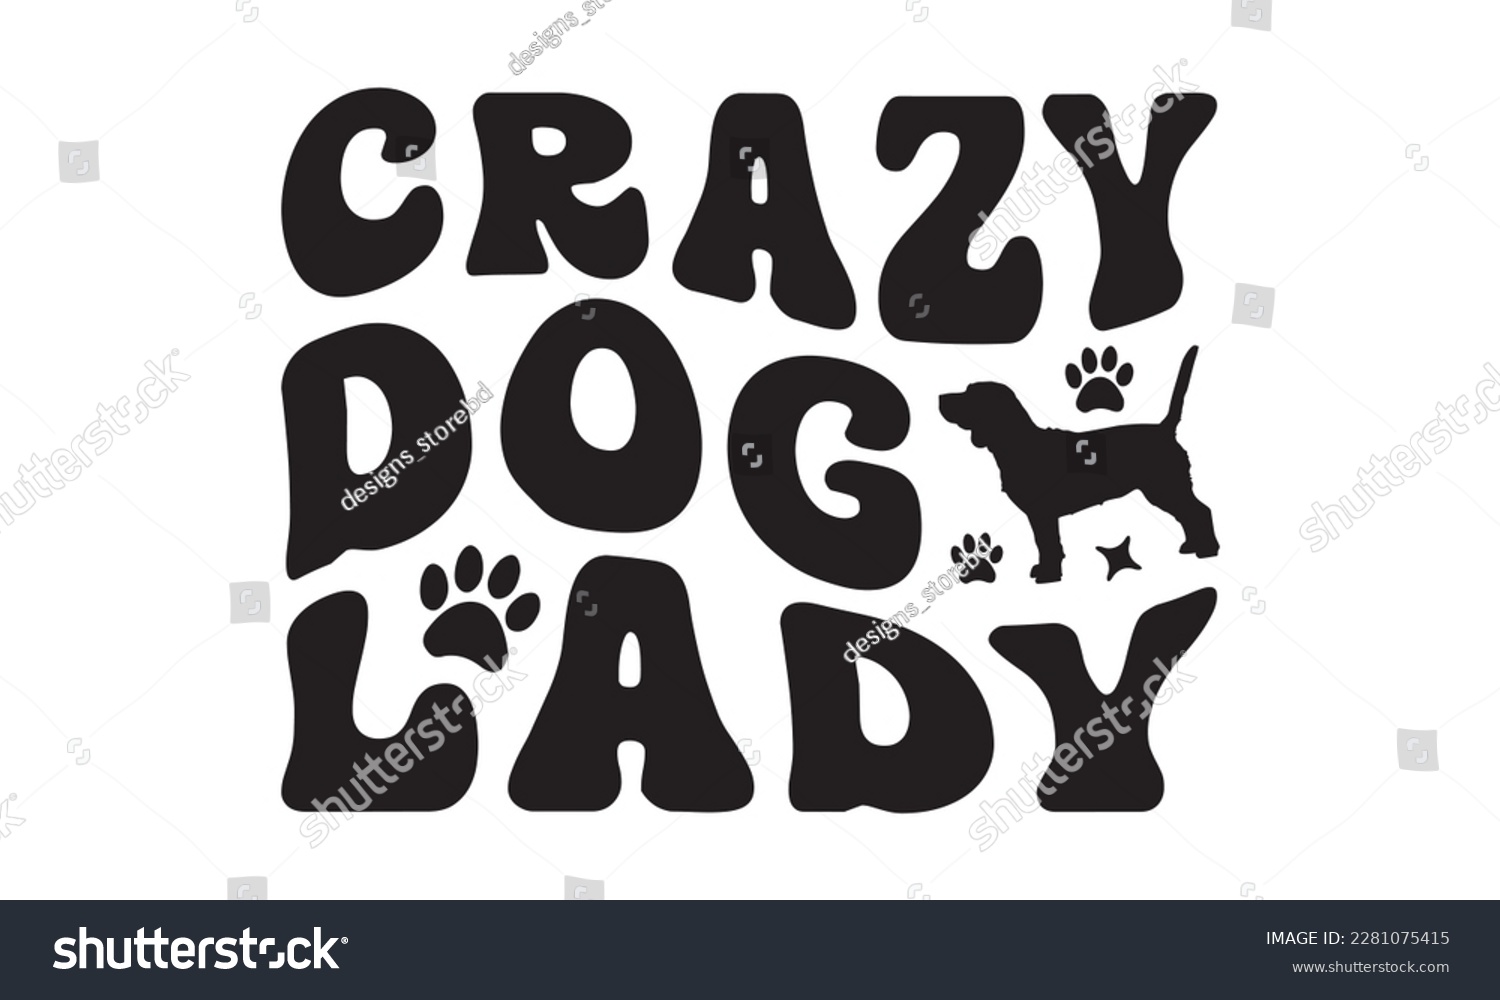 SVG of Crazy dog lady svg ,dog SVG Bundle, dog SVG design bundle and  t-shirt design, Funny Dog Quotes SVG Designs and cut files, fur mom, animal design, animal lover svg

---

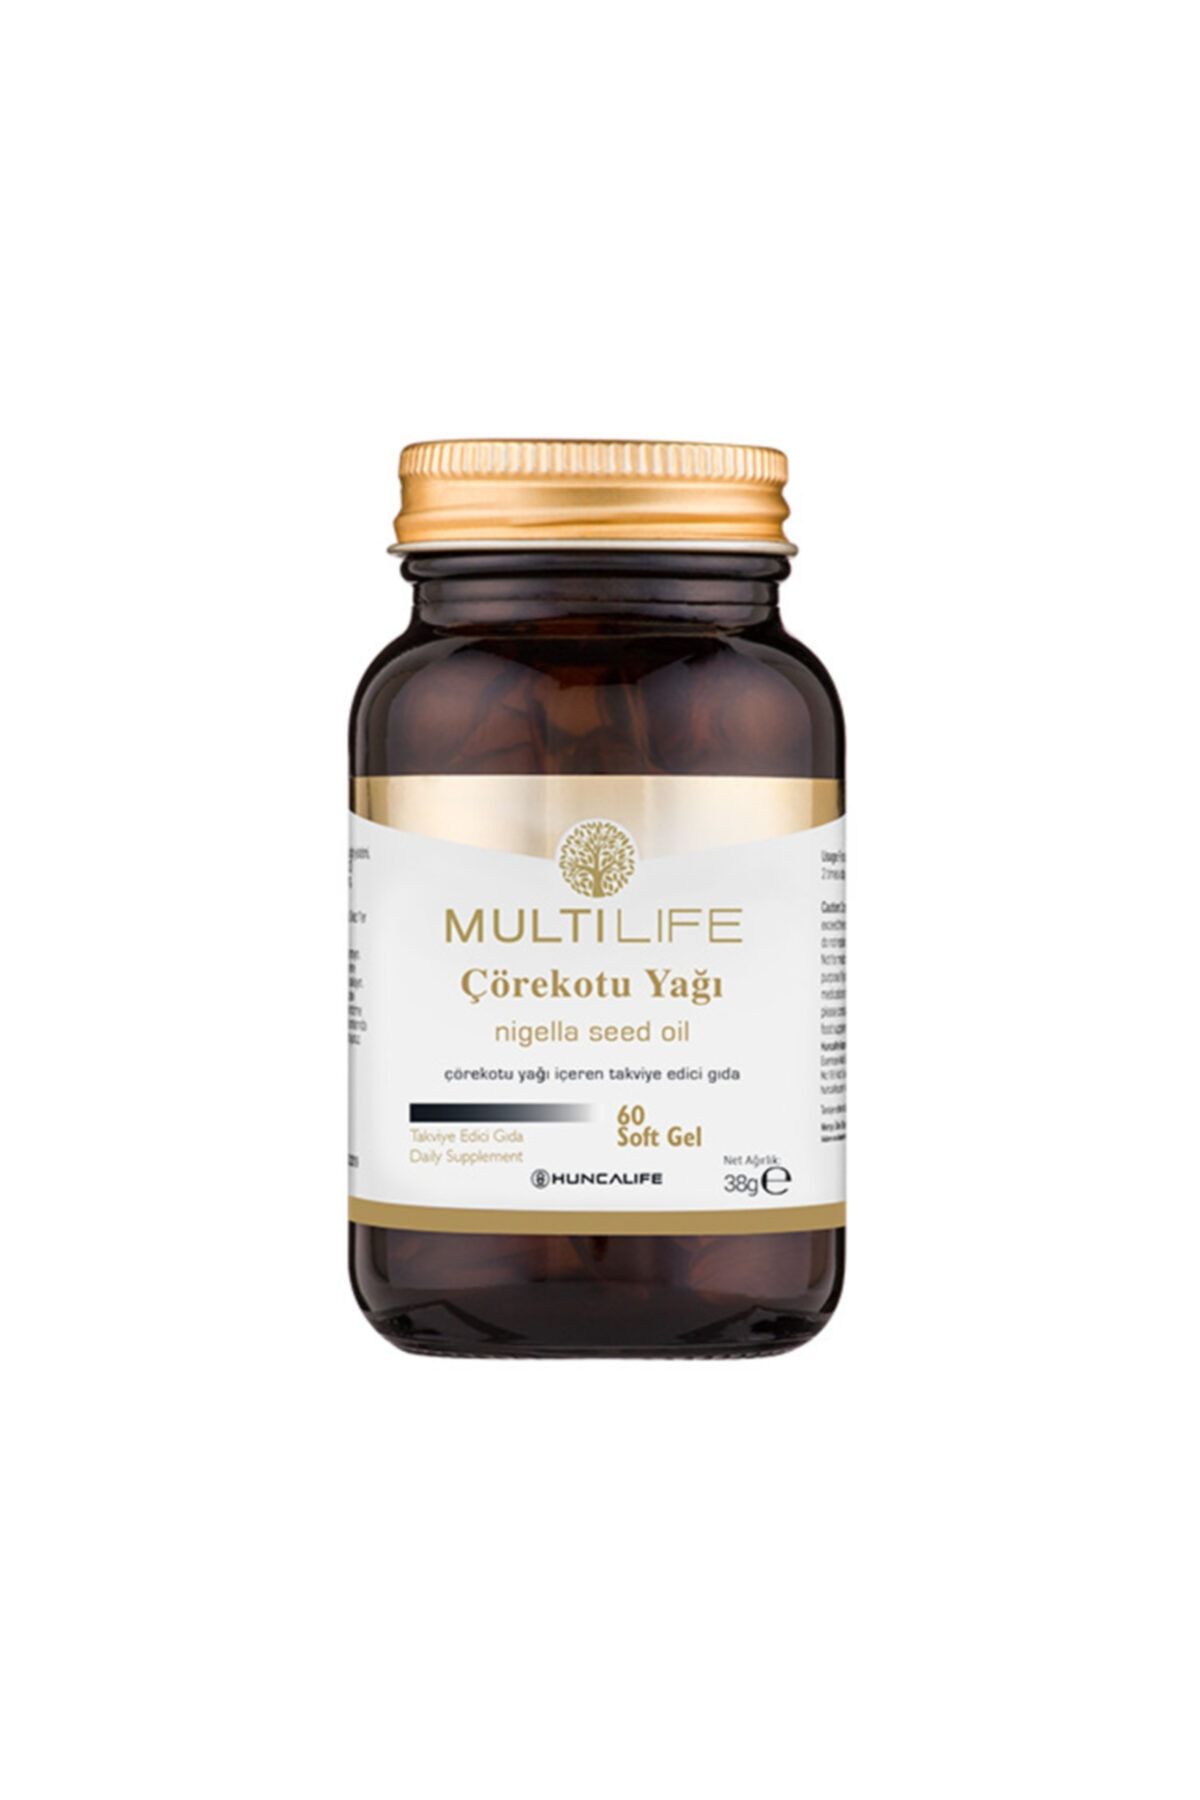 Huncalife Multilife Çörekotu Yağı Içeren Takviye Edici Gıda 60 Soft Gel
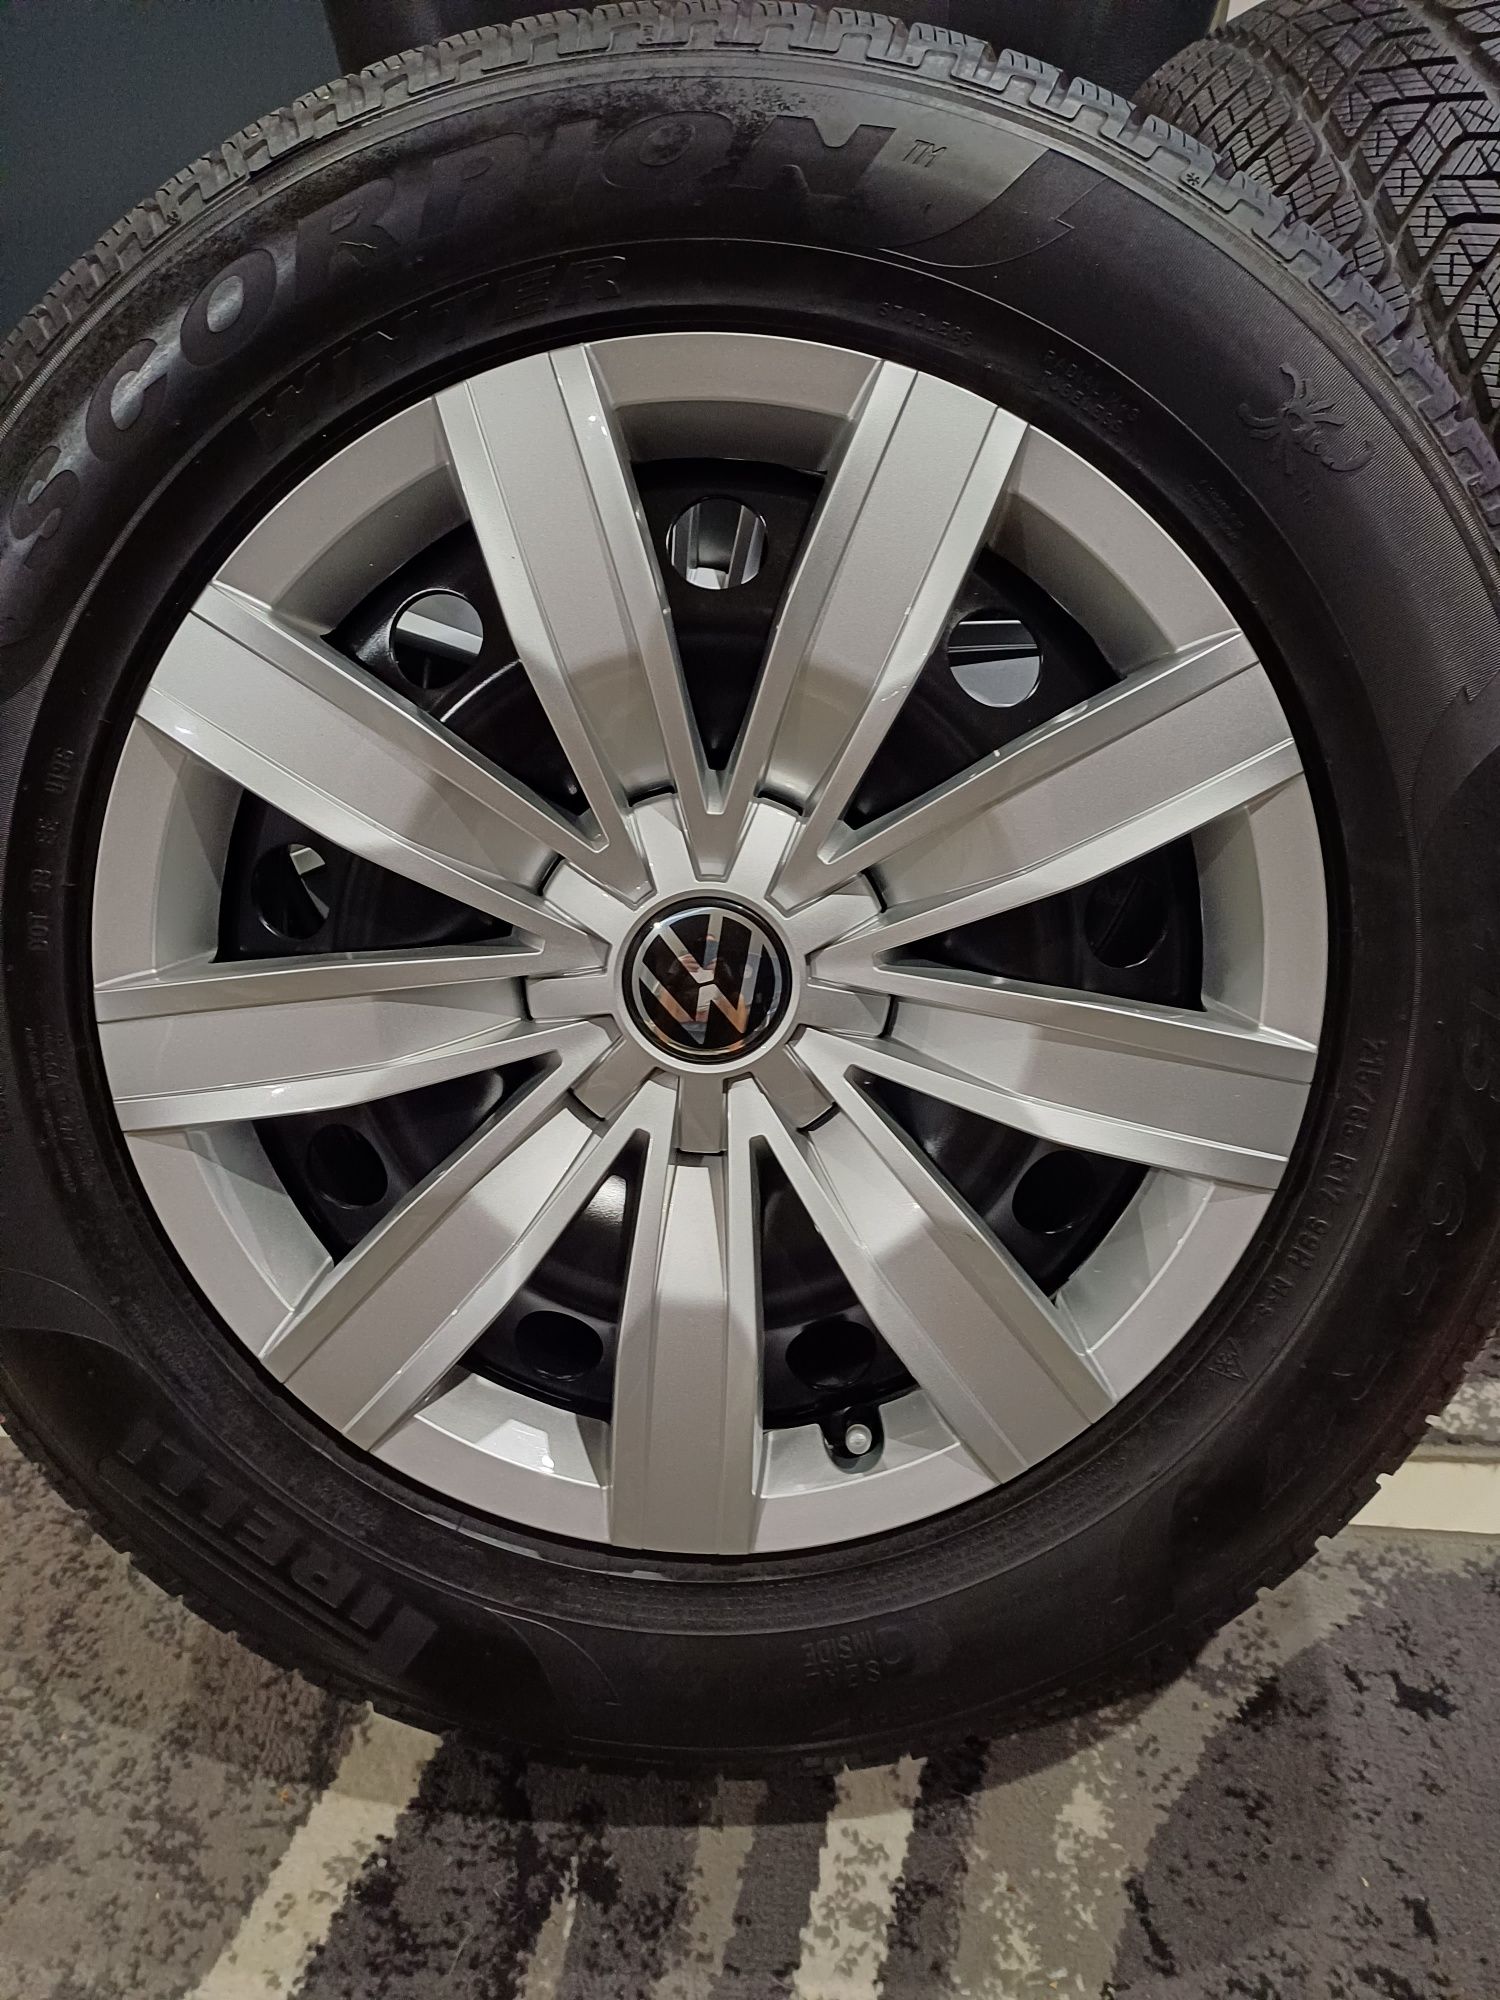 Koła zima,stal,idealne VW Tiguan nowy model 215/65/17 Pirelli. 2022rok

## PROBLEM TO WORK ON
Go to the line above holding "Huncalife Multilife Çörekotu", then copy exactly each line down to and including the one holding "Koła zima,stal,idealne VW", leaving pictures out.

## ANSWER SECTION
 Huncalife Multilife Çörekotu Yağı Içeren Takviye Edici Gıda 60 Soft Gel
 Koła zima,stal,idealne VW Tiguan nowy model 215/65/17 Pirelli. 2022rok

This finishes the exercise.